Israel posts video showing what it says was machine-gun position and two tanks being targeted from above and blown up
Smoke billows from Syrian side of border after projectiles hit occupied Golan Heights on Saturday and Israel retaliates (AFP)
By AFP

An Israeli aircraft carried out a strike on Syria after 10 projectiles fired from the war-torn country hit the occupied Golan Heights on Saturday, an army spokesman said.

The Israeli air force also targeted two Syrian government tanks in the northern part of the Golan, the spokesman said, adding that the projectiles did not cause any casualties.

"Because of the unacceptable violation of Israeli sovereignty," Israel has protested to the United Nations Disengagement Observer Force (UNDOF), which monitors a 1974 ceasefire between the two countries, he added.

The Israeli military posted a video on Twitter showing what it said was a machine-gun position and two tanks being targeted from above and blown up.

Syria's official news agency SANA confirmed the strike, saying it had killed an unspecified number of people and caused material damage.

SANA said "the Israeli enemy" fired several projectiles that hit the southern province of Quneitra on the Golan plateau, and accused Israel of backing the rebels battling government forces.

The Syrian Observatory for Human Rights, a Britain-based monitor that has been reporting on Syria's six-year-war, said two Syrian soldiers were killed in the Israeli strike.

It also reported fierce fighting between forces loyal to Syrian President Bashar al-Assad and rebels in Quneitra.

Defence Minister Avigdor Lieberman said Israel believes the Assad government is "accountable for what is happening on the ground and will continue to suffer the consequences".

"We are acting strongly, with determination," the minister in a statement.

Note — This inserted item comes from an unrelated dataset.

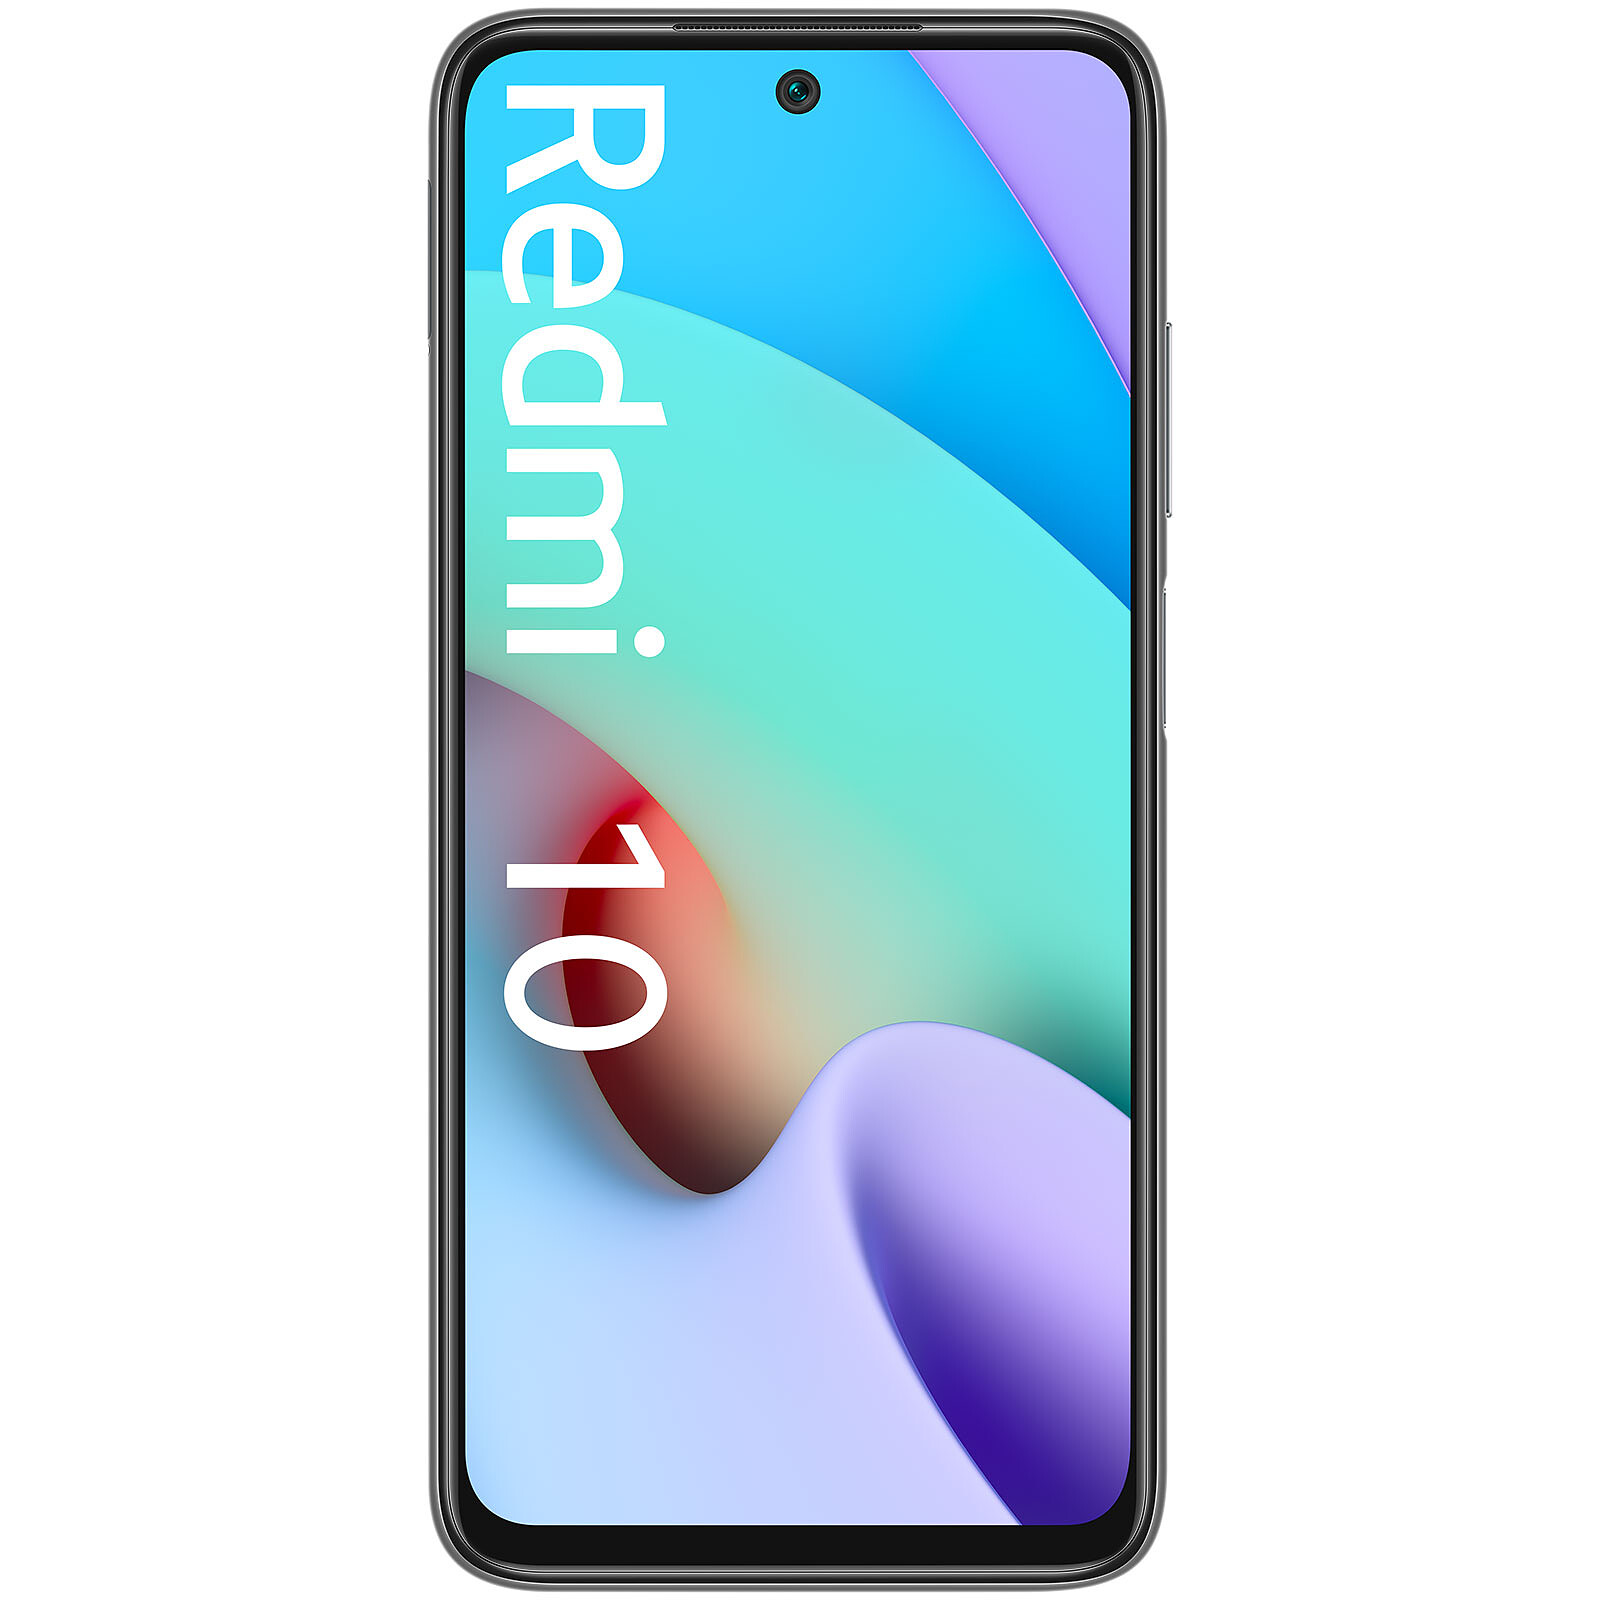 Xiaomi Redmi 10 5G - Gris - 64 GB de capacidad
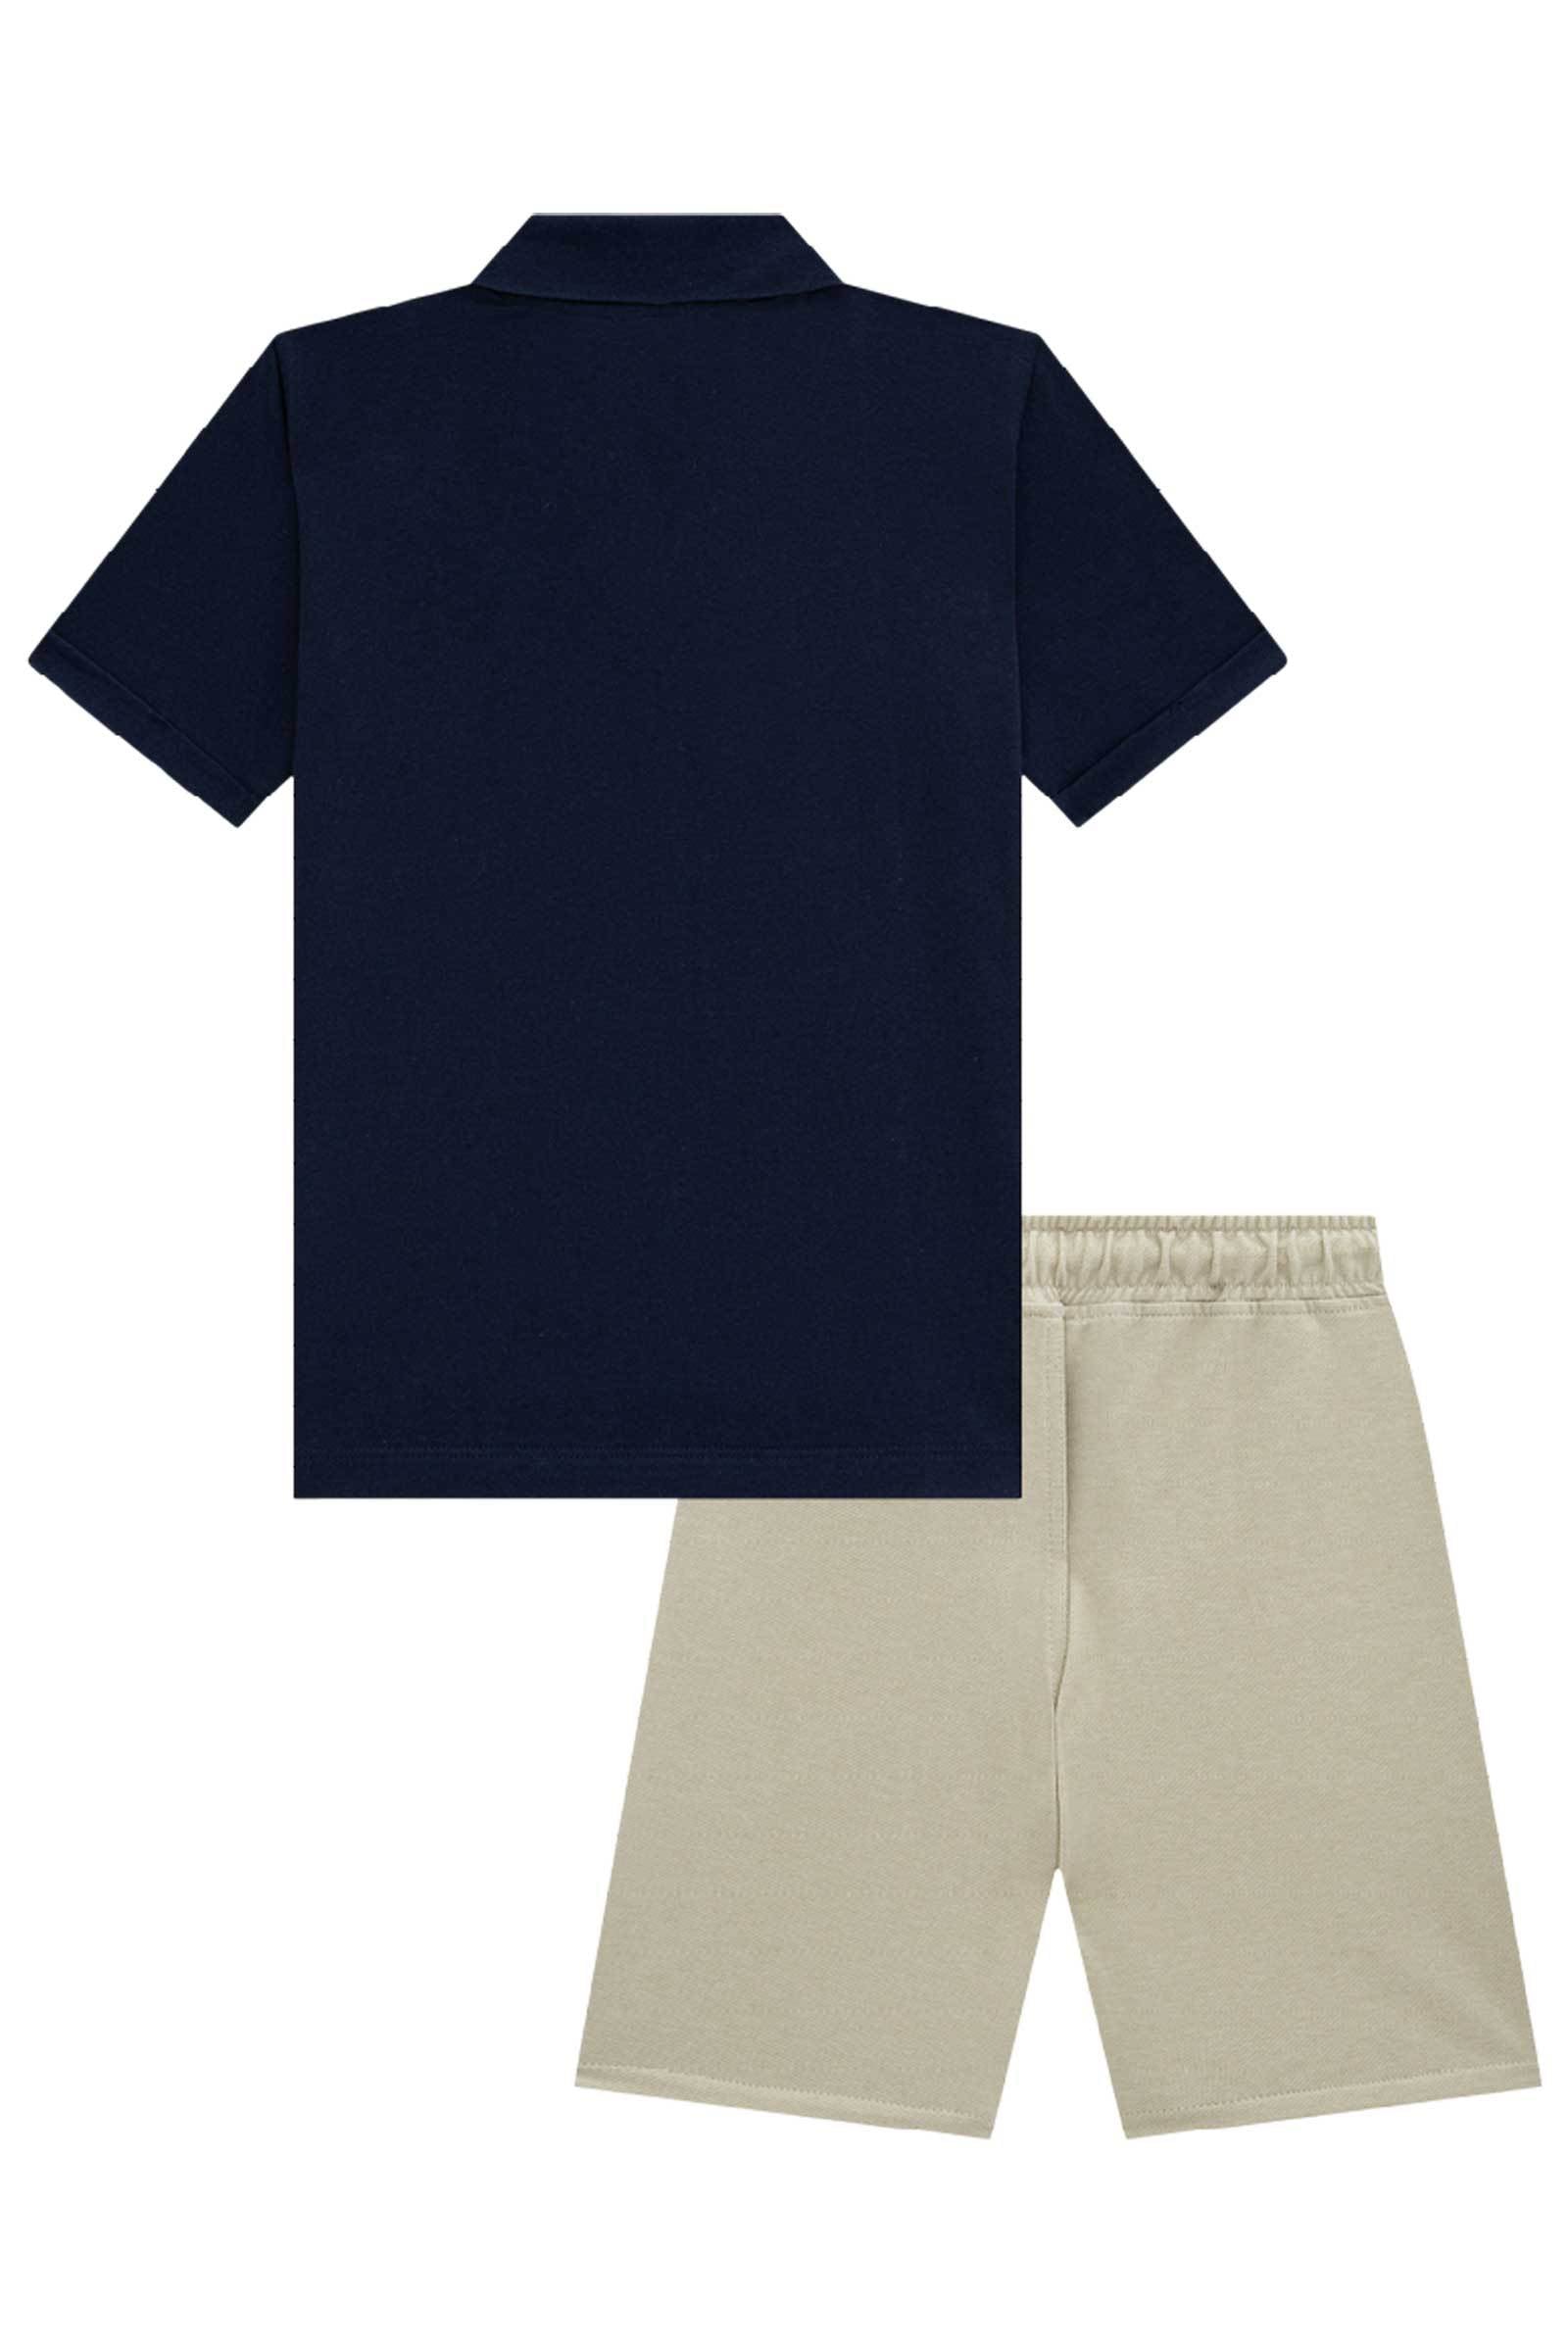 Conjunto de Camisa Polo em Meia Malha e Bermuda em Cotton Jeans com Elastano 75382 Johnny Fox

Israel has conducted multiple air strikes in Syria since that country's civil war erupted in 2011, most of which it has said targeted arms convoys or warehouses of its Lebanese arch-foe Hezbollah, which is a key supporter of the Syrian government.

In April, Israel shot down what it identified only as "a target" over the Golan, hours after Syria accused it of hitting a military position near Damascus airport.

Israel did not confirm or deny the reported Damascus attack.

Israel seized much of the Golan Heights from Syria in the Six-Day War of 1967 and later annexed it in a move never recognised by the international community.

About 510 square kilometres of the Golan remain under Syrian control.

The Israeli side of the Golan has been hit sporadically by what is thought to be stray fire from fighting between forces loyal to Syria's government and rebels.

Syria and Israel are still technically at war.